The input –
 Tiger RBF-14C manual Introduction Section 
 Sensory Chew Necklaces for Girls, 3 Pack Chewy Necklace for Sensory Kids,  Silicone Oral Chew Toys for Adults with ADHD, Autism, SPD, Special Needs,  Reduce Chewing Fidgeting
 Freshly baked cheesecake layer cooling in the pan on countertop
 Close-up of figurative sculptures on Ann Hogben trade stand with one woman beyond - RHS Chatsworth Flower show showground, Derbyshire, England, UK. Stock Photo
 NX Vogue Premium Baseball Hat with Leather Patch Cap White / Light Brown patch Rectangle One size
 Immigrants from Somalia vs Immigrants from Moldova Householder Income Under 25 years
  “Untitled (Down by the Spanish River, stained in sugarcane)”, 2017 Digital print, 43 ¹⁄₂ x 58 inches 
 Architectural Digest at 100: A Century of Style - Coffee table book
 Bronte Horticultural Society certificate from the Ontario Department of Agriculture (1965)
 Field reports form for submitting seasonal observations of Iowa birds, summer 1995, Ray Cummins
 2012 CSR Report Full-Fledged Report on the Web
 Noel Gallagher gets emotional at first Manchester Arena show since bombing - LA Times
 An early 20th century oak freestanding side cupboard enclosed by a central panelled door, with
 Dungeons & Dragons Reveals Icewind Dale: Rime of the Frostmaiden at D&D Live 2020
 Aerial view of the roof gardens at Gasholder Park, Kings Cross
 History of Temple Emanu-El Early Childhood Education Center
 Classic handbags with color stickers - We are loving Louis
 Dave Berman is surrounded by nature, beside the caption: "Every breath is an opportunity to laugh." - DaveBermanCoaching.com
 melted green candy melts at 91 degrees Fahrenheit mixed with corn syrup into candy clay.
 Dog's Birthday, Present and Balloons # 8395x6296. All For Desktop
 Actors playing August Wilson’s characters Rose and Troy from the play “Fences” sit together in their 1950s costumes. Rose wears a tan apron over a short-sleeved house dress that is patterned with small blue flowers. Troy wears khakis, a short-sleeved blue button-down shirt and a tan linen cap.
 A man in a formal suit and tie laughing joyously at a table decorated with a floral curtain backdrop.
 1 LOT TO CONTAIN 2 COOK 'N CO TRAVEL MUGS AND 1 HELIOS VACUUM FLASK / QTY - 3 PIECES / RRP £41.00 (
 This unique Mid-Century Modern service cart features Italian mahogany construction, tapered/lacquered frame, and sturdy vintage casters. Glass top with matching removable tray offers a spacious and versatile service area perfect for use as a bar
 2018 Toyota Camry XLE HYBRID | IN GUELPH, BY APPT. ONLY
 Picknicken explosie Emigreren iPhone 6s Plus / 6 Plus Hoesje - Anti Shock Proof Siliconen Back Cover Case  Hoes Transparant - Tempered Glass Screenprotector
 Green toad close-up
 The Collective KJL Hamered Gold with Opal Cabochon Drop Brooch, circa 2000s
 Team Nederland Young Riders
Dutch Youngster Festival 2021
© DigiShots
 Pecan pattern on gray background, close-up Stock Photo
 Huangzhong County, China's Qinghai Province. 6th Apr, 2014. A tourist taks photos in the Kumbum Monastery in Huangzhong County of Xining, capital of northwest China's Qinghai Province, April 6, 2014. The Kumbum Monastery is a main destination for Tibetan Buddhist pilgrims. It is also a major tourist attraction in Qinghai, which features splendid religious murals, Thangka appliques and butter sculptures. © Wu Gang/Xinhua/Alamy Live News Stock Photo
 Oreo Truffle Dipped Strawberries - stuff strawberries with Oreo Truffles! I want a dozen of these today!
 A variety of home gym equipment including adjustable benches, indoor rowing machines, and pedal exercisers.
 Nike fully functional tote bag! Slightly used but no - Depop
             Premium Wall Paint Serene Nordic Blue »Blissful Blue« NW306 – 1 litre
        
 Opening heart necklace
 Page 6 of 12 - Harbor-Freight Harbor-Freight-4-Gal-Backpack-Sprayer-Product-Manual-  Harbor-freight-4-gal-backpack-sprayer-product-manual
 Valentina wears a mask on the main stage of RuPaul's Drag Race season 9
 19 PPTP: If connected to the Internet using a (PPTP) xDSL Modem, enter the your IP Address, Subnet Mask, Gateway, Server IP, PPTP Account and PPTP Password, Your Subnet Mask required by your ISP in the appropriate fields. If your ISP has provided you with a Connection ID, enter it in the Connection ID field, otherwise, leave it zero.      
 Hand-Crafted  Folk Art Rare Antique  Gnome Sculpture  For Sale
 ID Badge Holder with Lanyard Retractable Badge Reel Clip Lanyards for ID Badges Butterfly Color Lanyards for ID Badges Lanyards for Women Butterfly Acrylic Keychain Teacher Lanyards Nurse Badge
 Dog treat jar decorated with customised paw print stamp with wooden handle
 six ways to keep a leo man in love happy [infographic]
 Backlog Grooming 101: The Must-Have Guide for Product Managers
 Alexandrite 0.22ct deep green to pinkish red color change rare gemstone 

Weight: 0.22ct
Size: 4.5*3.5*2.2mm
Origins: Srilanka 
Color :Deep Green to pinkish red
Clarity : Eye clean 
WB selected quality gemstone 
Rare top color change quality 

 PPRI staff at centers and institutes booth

About this task – Copy nothing except the lines from the one with "Alexandrite 0.22ct deep" through the end of the records; keep each exactly as it appears, first and last included.

Expected answer –
 Alexandrite 0.22ct deep green to pinkish red color change rare gemstone 

Weight: 0.22ct
Size: 4.5*3.5*2.2mm
Origins: Srilanka 
Color :Deep Green to pinkish red
Clarity : Eye clean 
WB selected quality gemstone 
Rare top color change quality 

 PPRI staff at centers and institutes booth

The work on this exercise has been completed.